For this test, we use $760$ k showers sampled from the BIB-AE and L $2$ LFlows each. Just as for the Geant4 vs BIB-AE/L $2$ LFlows classifier, we make a $60\%:20\%:20\%$ split to obtain training, validation and test showers of the classifier. The AUC of the classifier on the test dataset (where we evaluate the checkpoint with highest validation accuracy) is $1.0000$ , implying that a fully-connected classifier has no trouble distinguishing between BIB-AE and L $2$ LFlows showers. The architecture and hyperparameters of this BIB-AE vs L $2$ LFlows classifier are identical to the Geant4 vs BIB-AE/L $2$ LFlows classifiers; with the exception of the number of training epochs, see details in App. C.

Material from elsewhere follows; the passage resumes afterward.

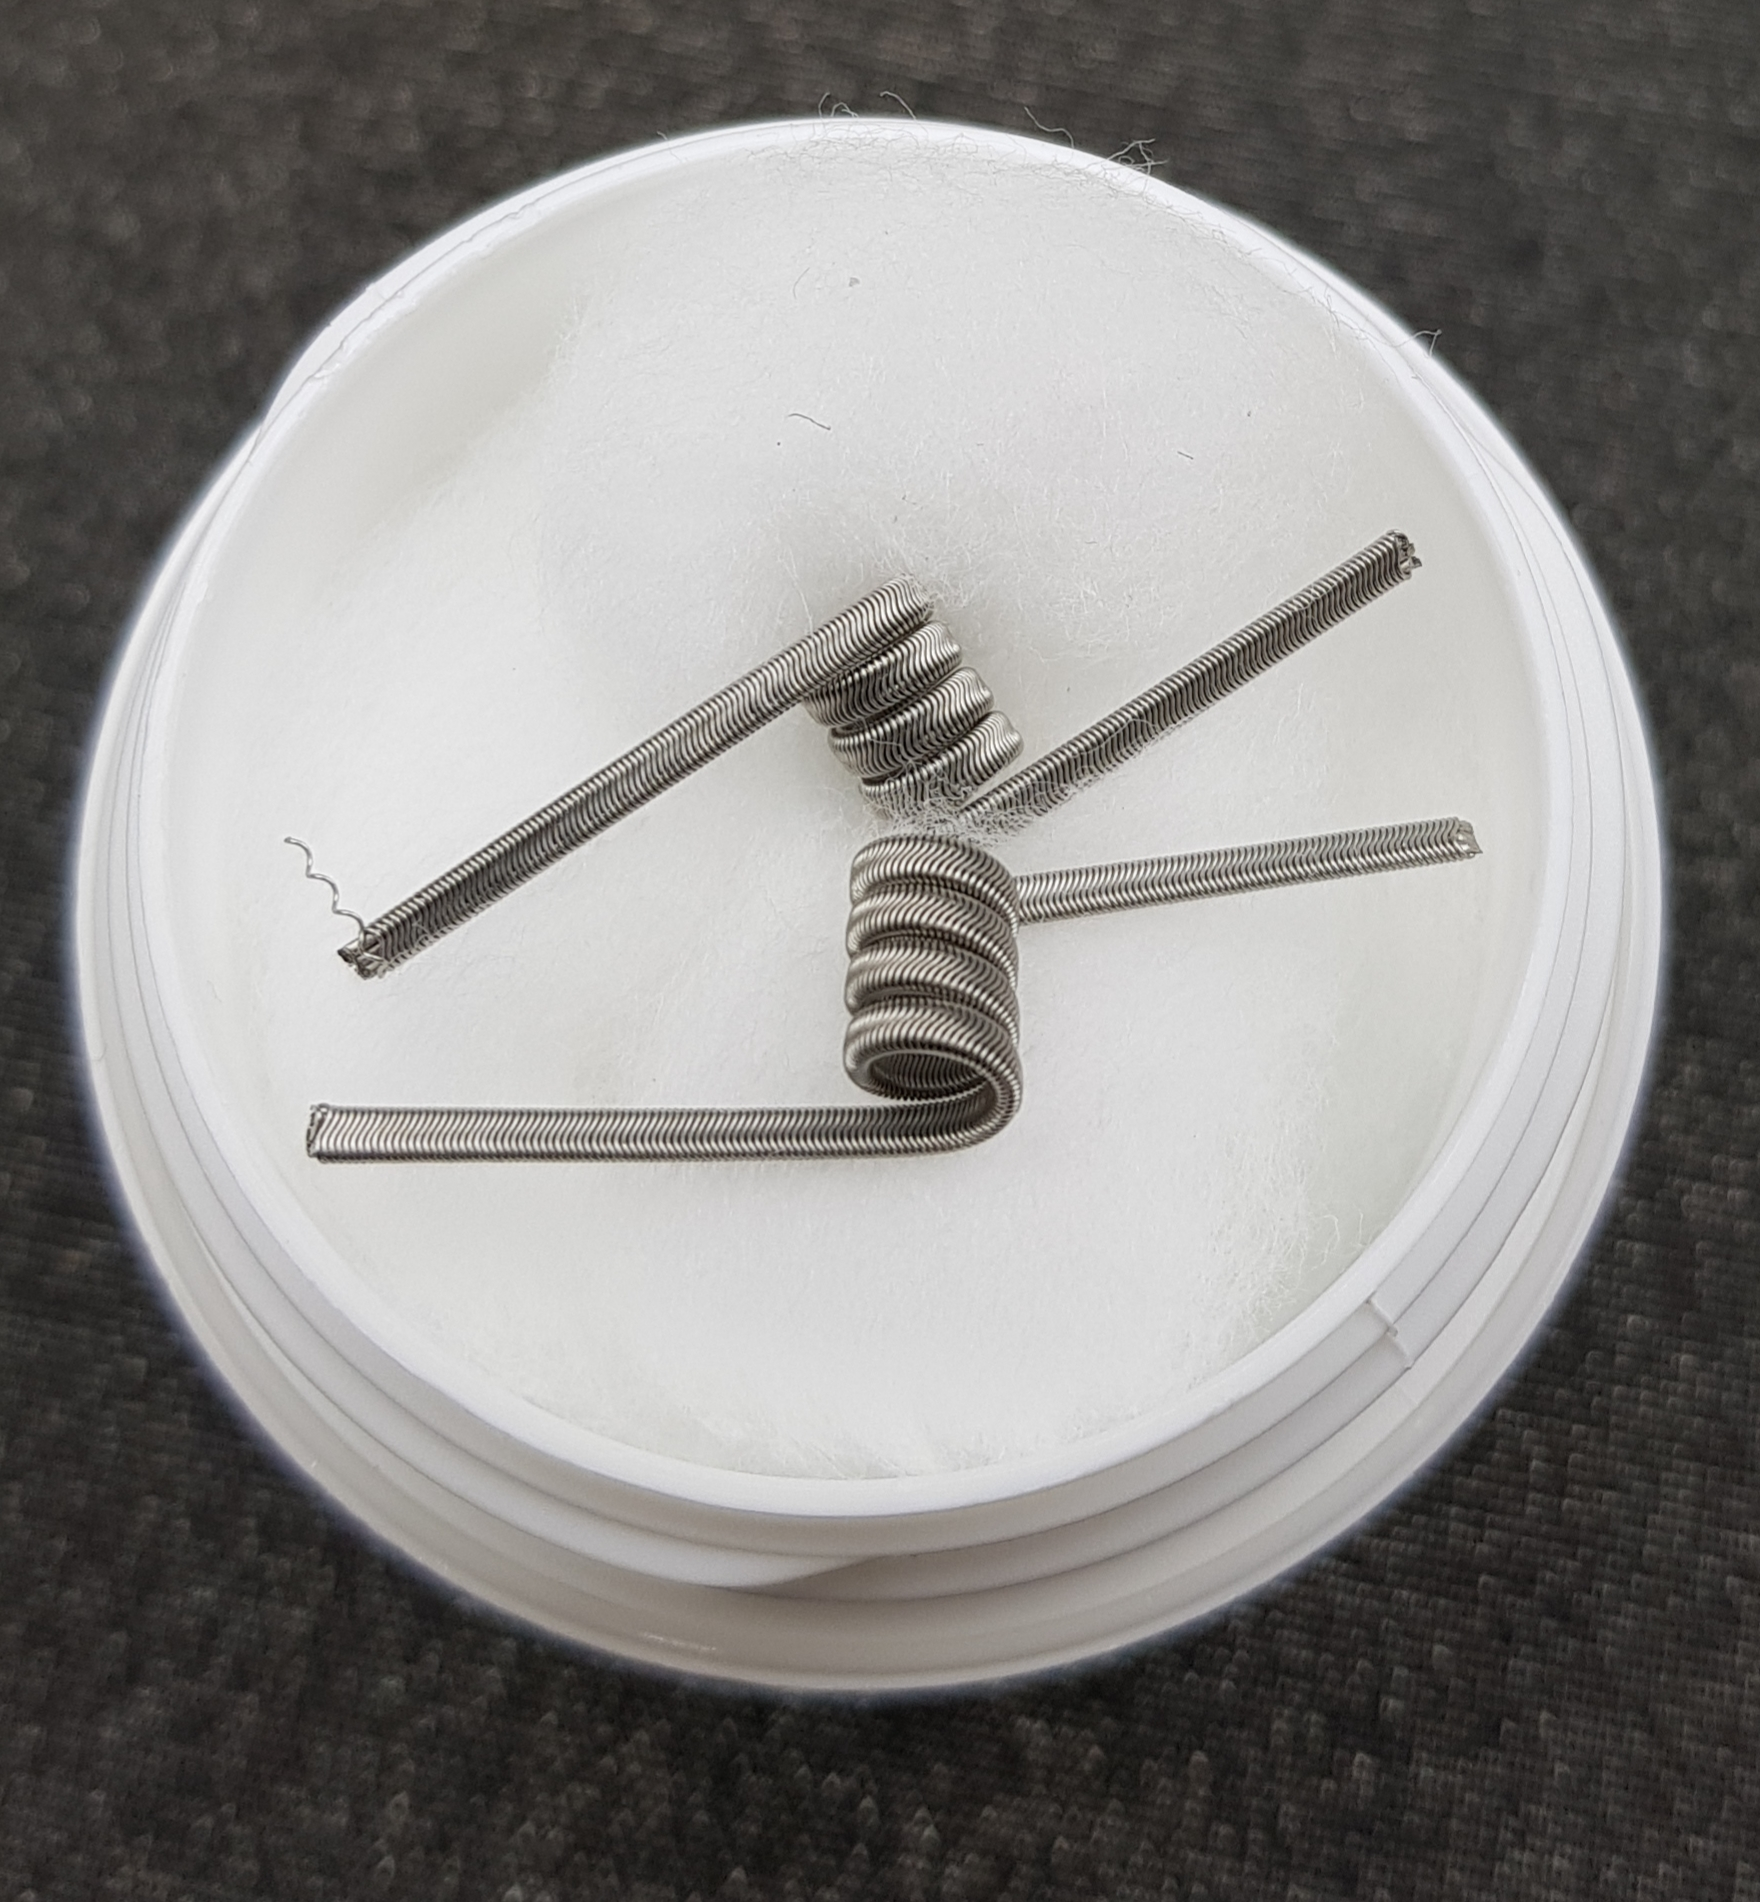 1.3 ohm single coil

For evaluation, we consider the test sets of the classifier containing $152$ k showers for the BIB-AE and L $2$ LFlows each and use $152$ k Geant4 test showers to compare the classifier outputs. The means of the output probabilities $p(\textsc{L$ 2 $LFlows}|x)$ for $x$ coming from BIB-AE, L $2$ LFlows, and Geant4 are $0.03\%$ , $99.91\%$ , and $98.84\%$ respectively. This indicates that Geant4 and L $2$ LFlows-generated showers are much closer to each other than Geant4 and BIB-AE-generated showers are. To further visualize this result, we plot the predictions of the classifier on the test showers in Fig. 12. This also shows us that Geant4 showers are on average more likely to be identified as coming from L $2$ LFlows than BIB-AE by the classifier. All of this strenghtens our conclusion that L $2$ LFlows captures the underlying shower distribution of Geant4 much better than the BIB-AE.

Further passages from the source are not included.